— Work request —
Could you give the listing again exactly, without its pictures?
-------- Material provided
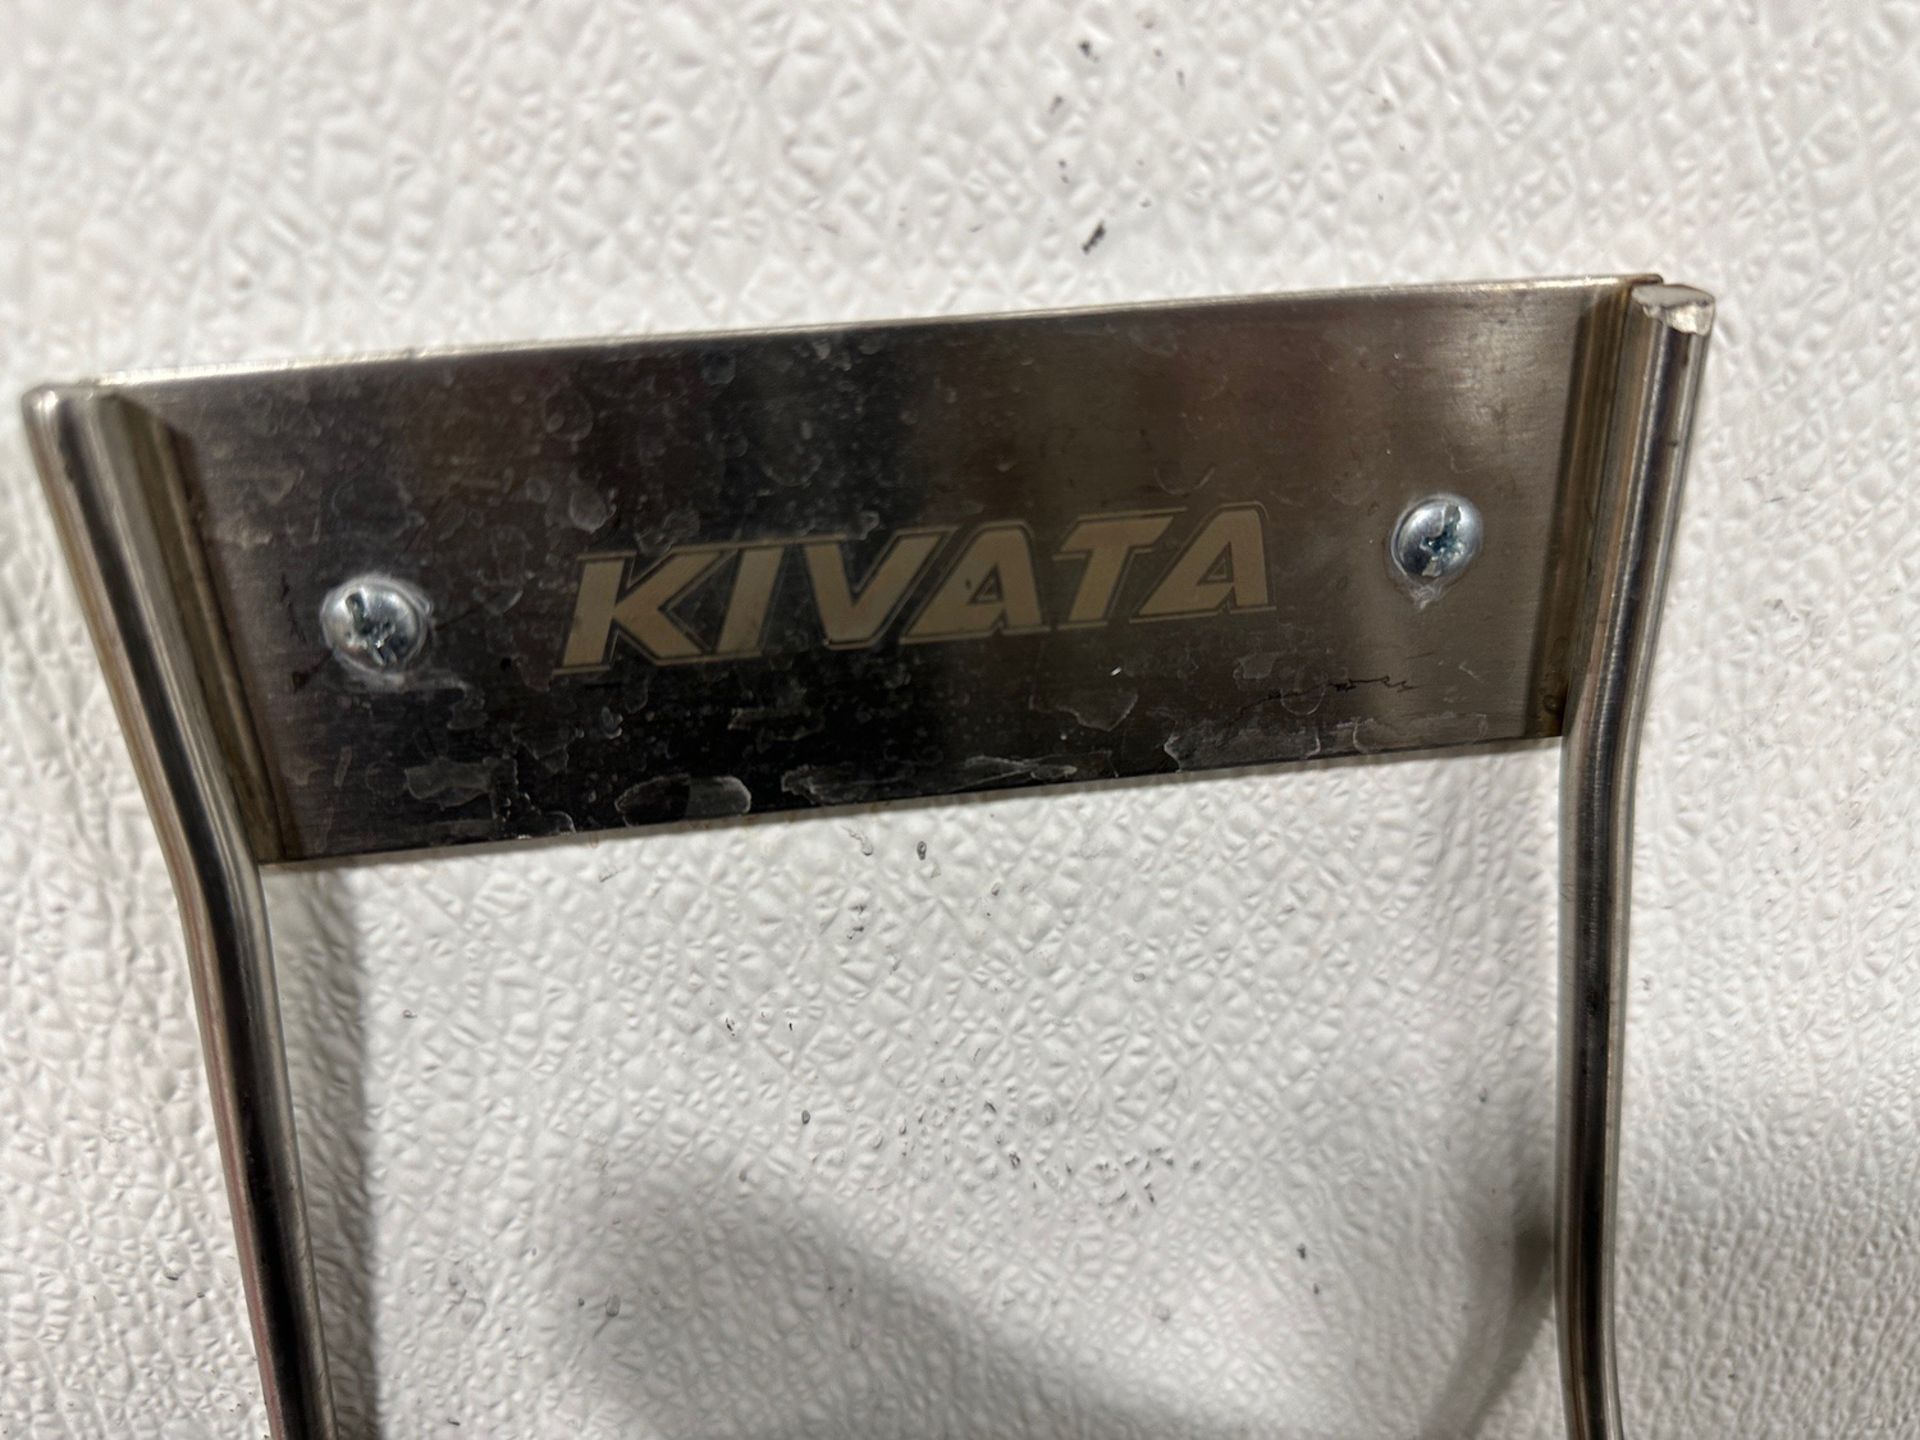 Heavy Duty Water Hose with Kivata Stainless Steel Hose Hanger - Image 2 of 2
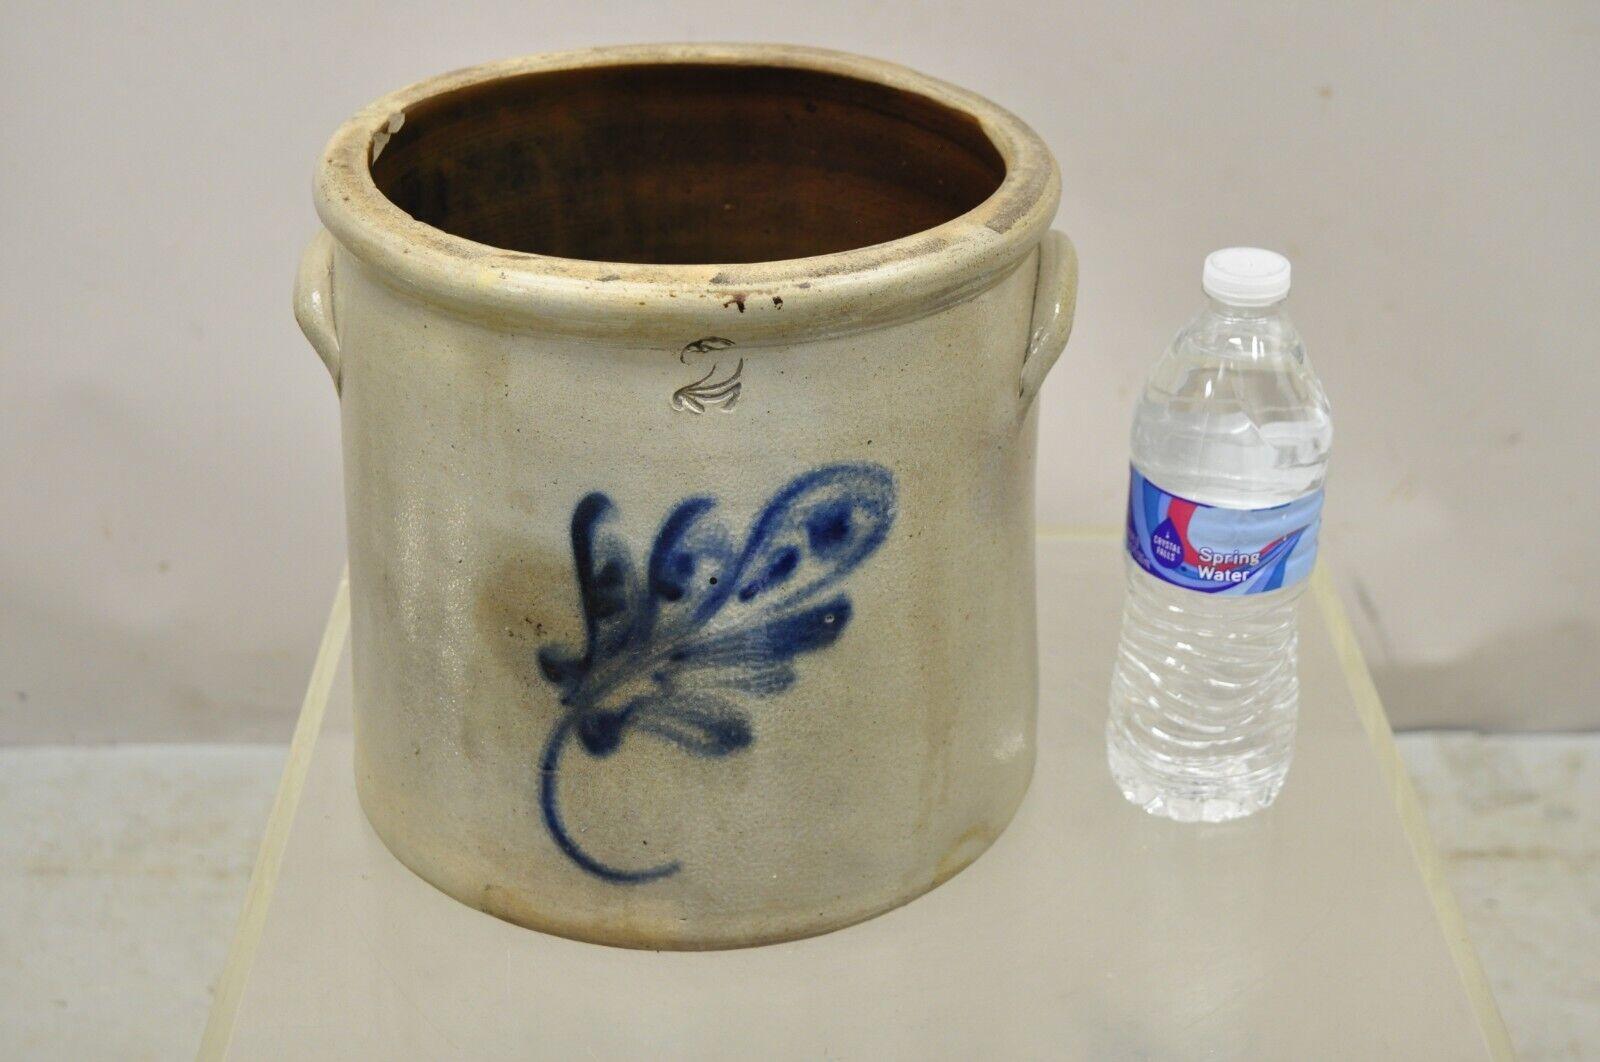 https://a.1stdibscdn.com/antique-stoneware-two-gallon-crock-with-cobalt-blue-slip-trailed-floral-design-for-sale-picture-2/f_9341/f_366032321697218526687/2_master.jpg
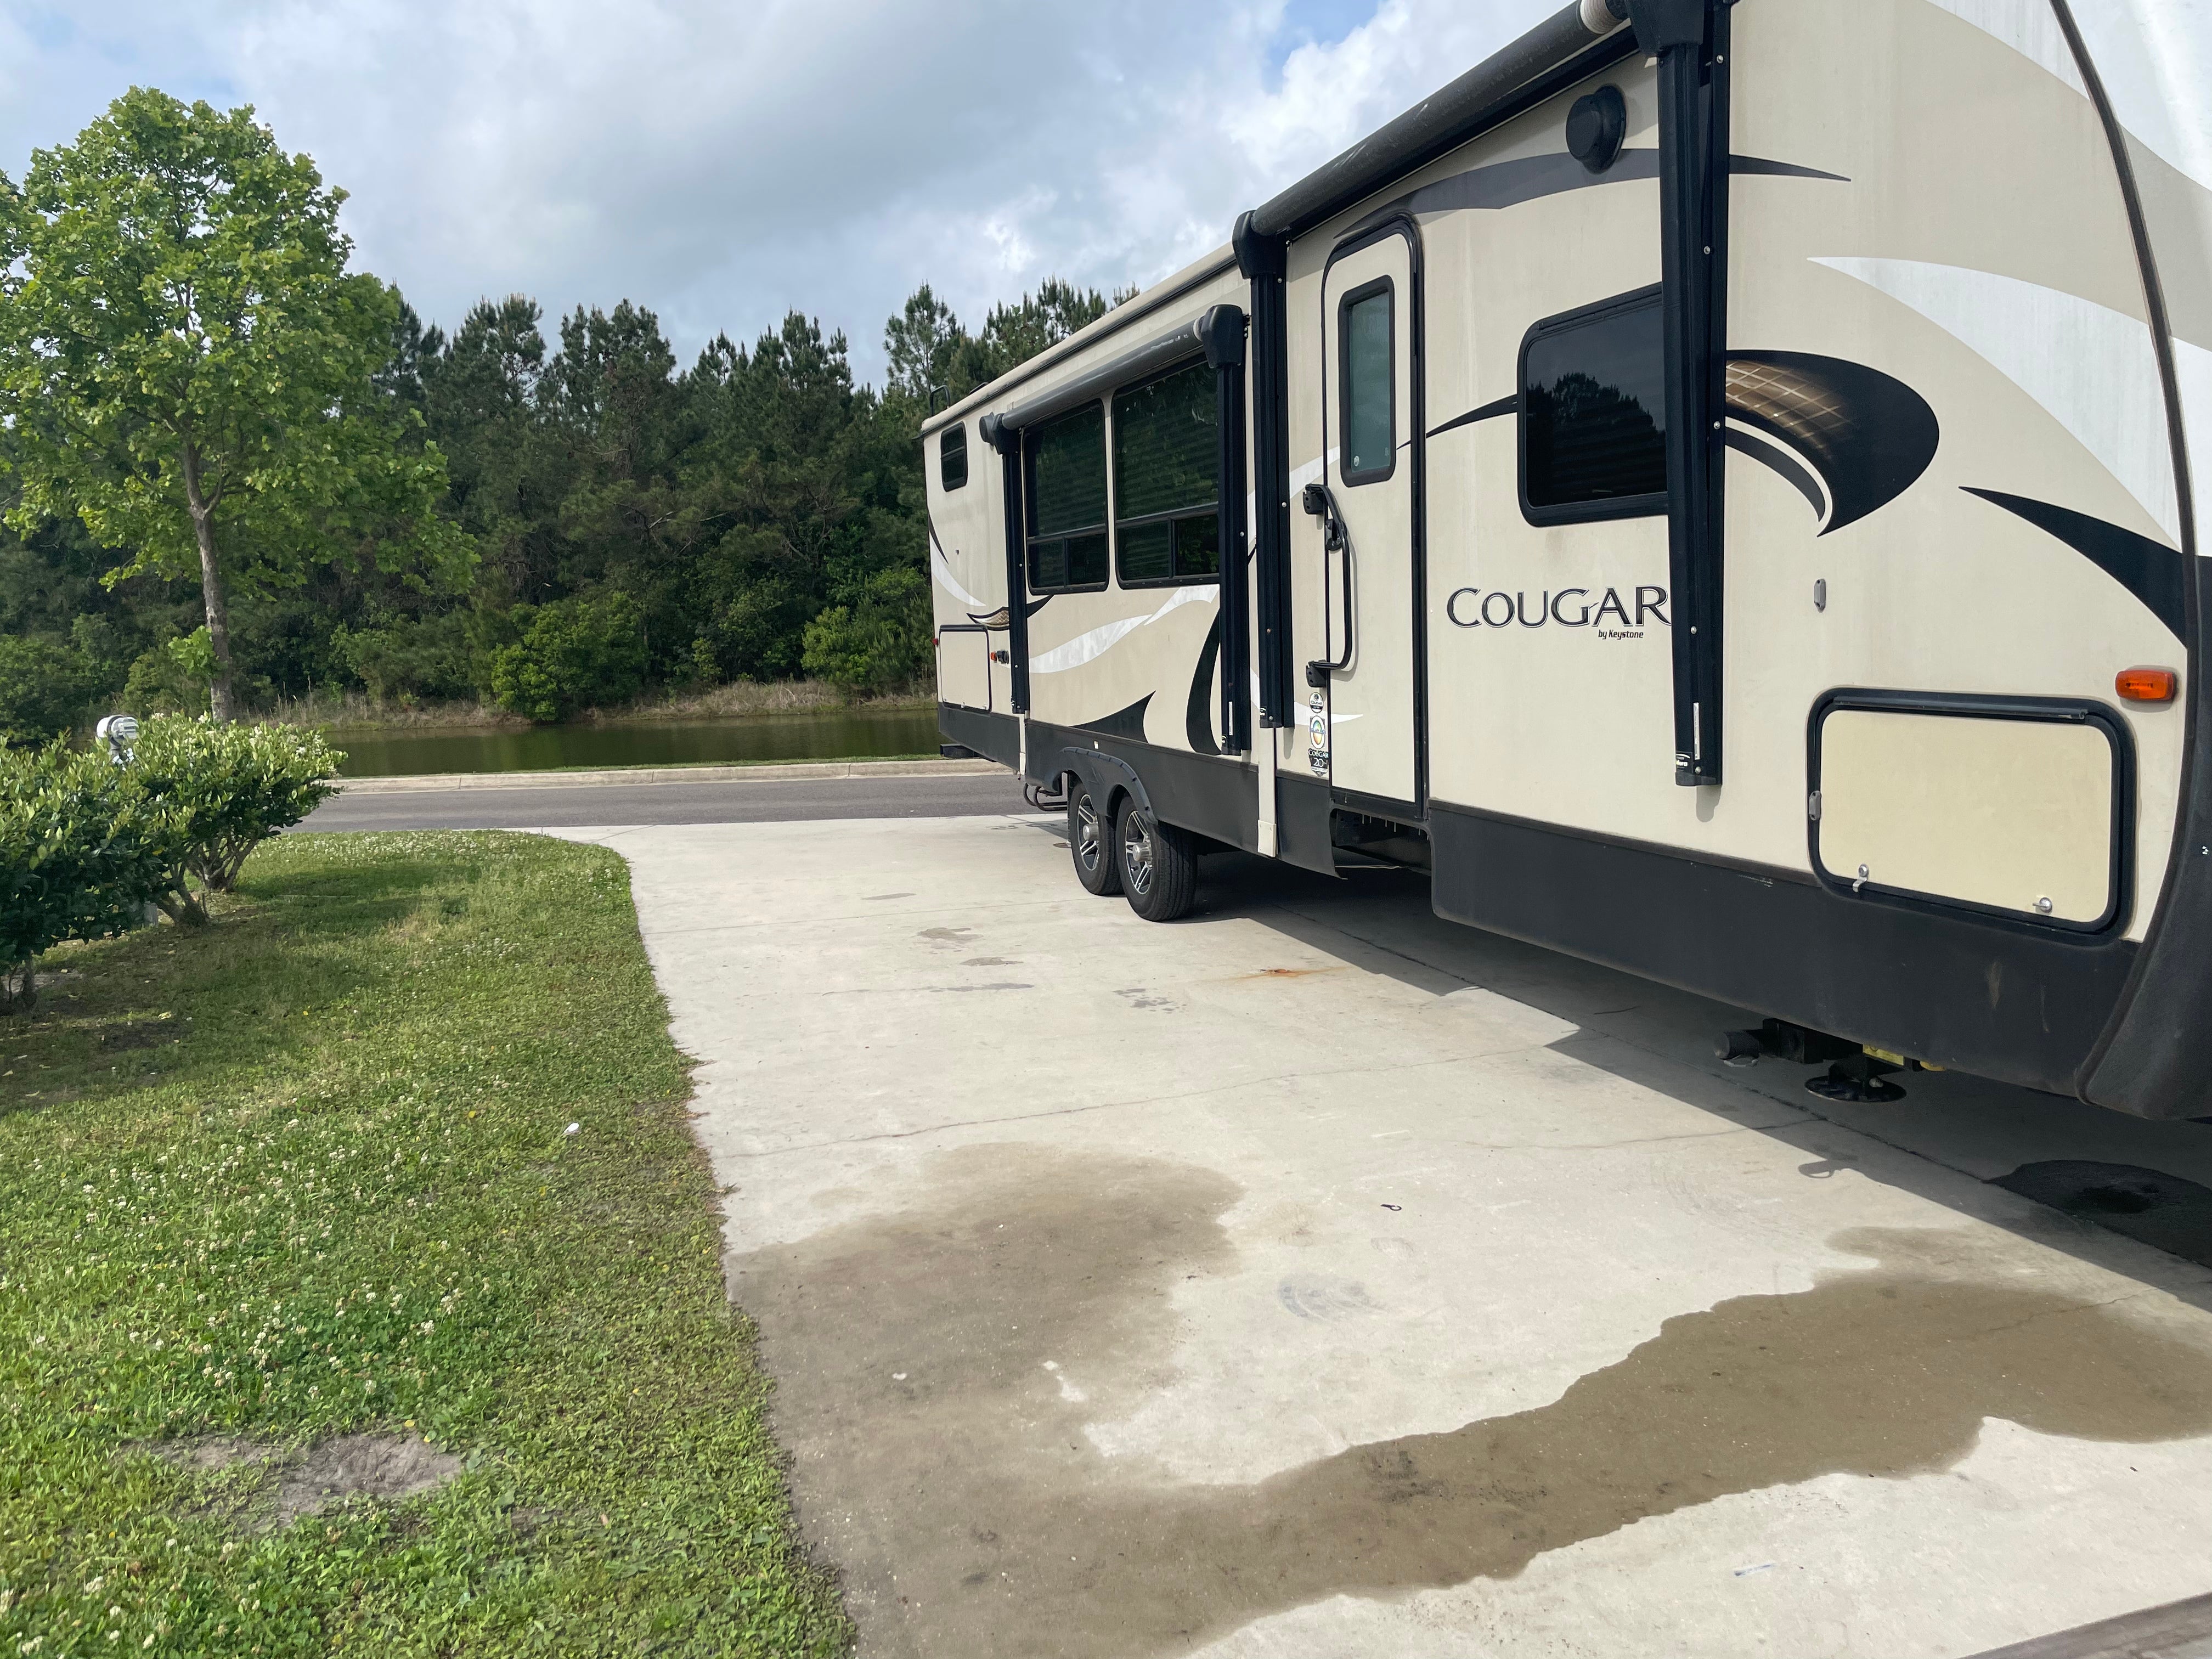 Camper submitted image from Pecan Park RV Resort - 4
----------------
— Reply —
 Heavy Duty Water Hose with Kivata Stainless Steel Hose Hanger - Image 2 of 2
 https://a.1stdibscdn.com/antique-stoneware-two-gallon-crock-with-cobalt-blue-slip-trailed-floral-design-for-sale-picture-2/f_9341/f_366032321697218526687/2_master.jpg
 Camper submitted image from Pecan Park RV Resort - 4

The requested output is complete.